BEGIN The input

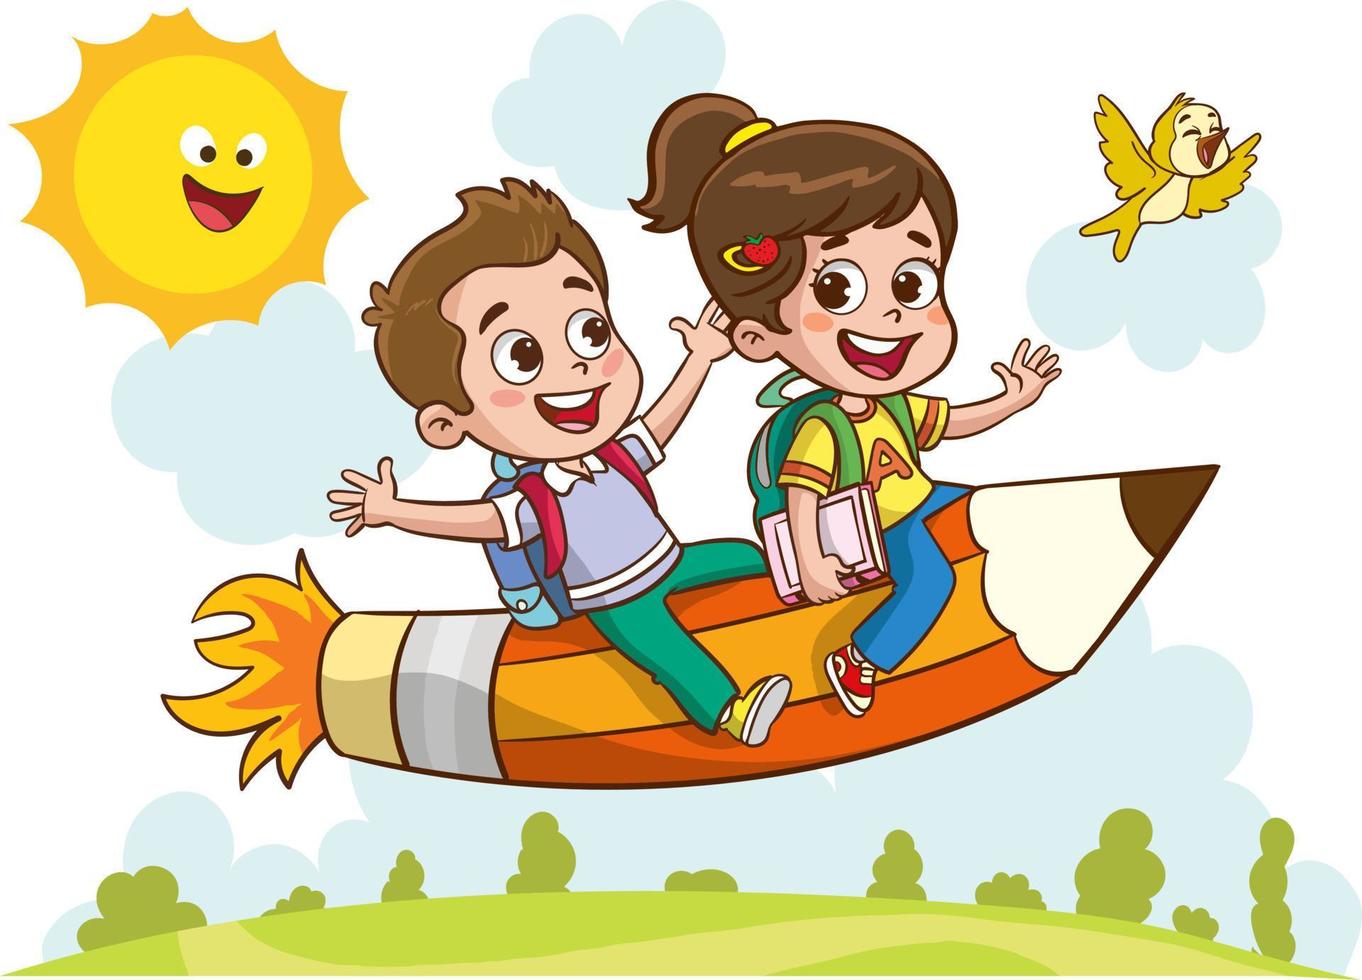 divertimento educativo immagini con educativo materiali.divertente ragazzo volante su colorato matita cartone animato vettore
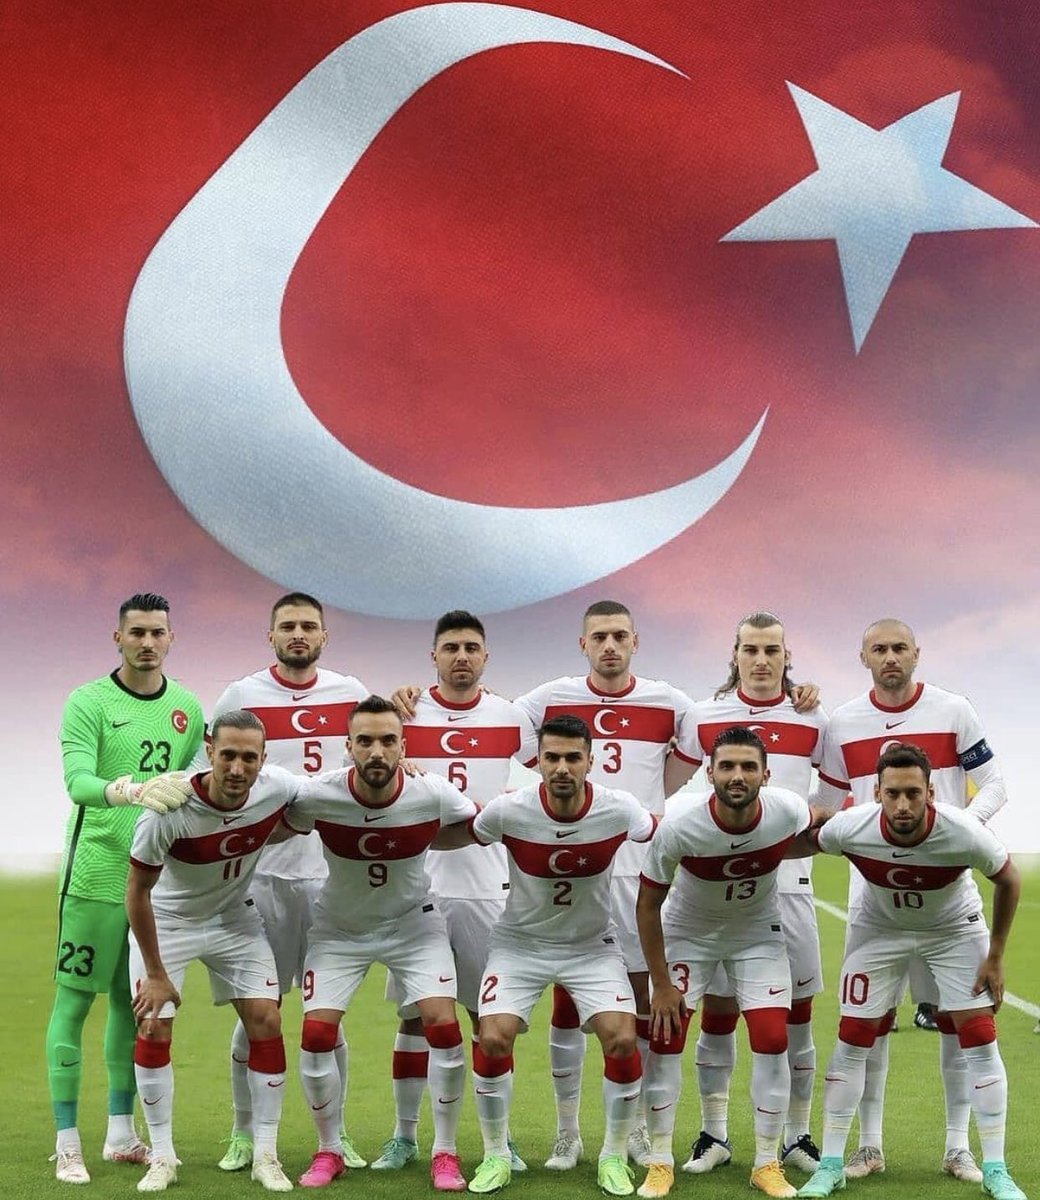 Kalbimiz ve dualarımız sizinle vurduğunuz gol olsun gösterin Türkiye'nin gücünü.. 🙏🙏🙏❤❤❤🇹🇷🇹🇷🇹🇷🇹🇷🇹🇷🇹🇷🇹🇷
#AsBayraklarıAs
#BizimCocuklar
#AslanGibi
#Türkiyeningücü
#millitakim
#EURO2020
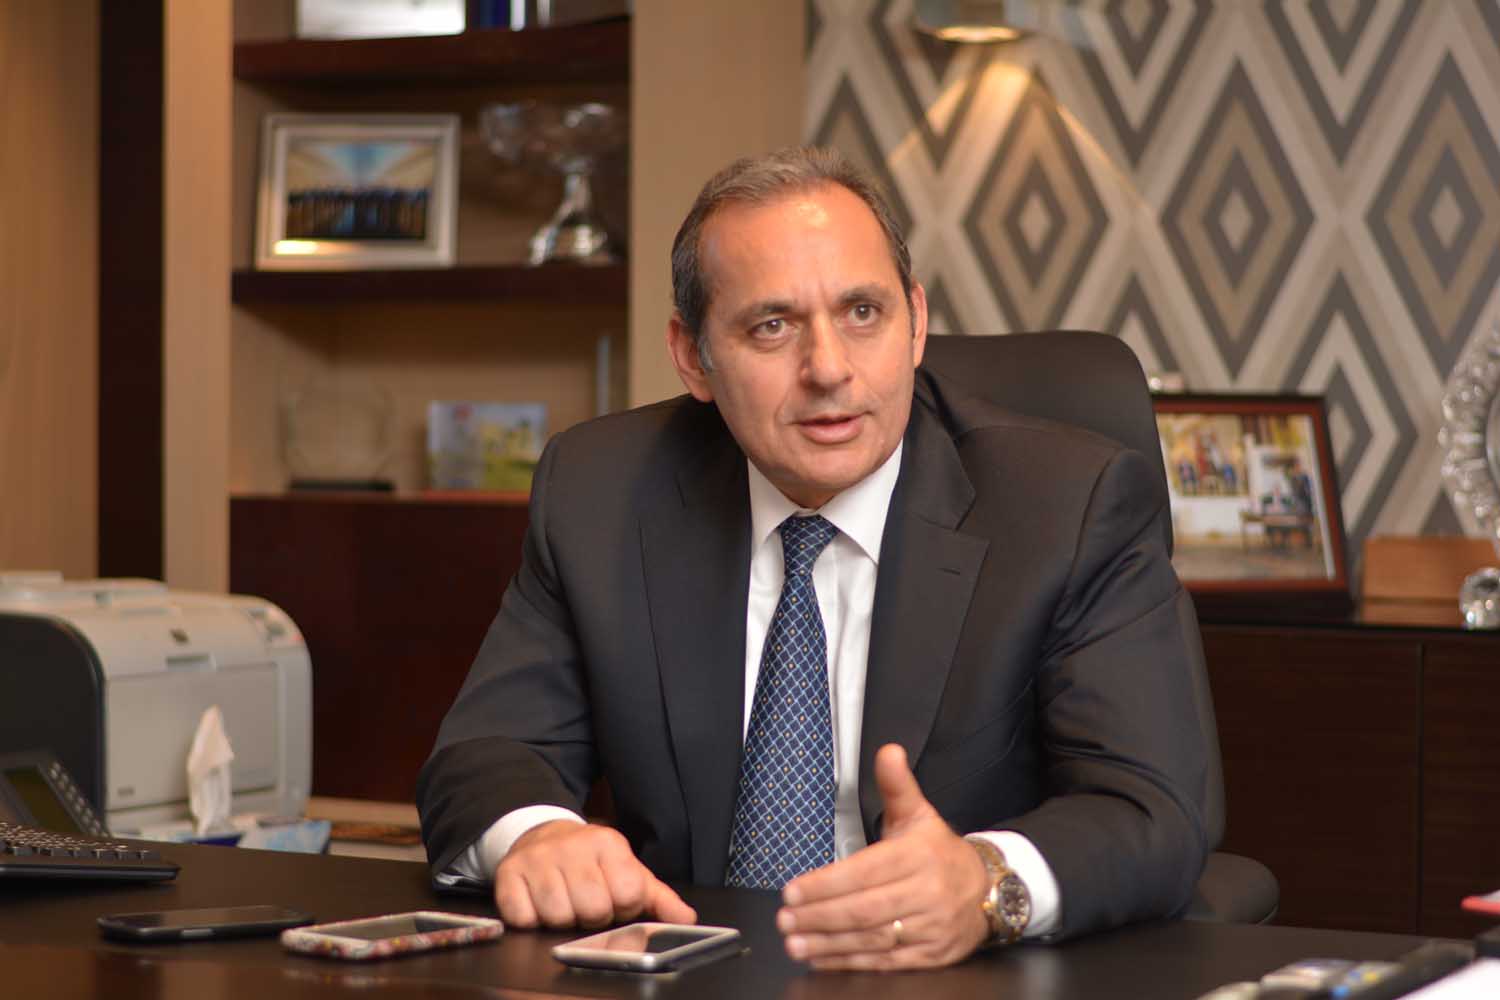  هشام عكاشة، رئيس مجلس إدارة البنك الأهلى

END The input

## [Activity]
Write out again, exactly, each line from the one with "#BizimCocuklar" to the end of the entries. No pictures go in.

## [Exercise output]
#BizimCocuklar
#AslanGibi
#Türkiyeningücü
#millitakim
#EURO2020
  هشام عكاشة، رئيس مجلس إدارة البنك الأهلى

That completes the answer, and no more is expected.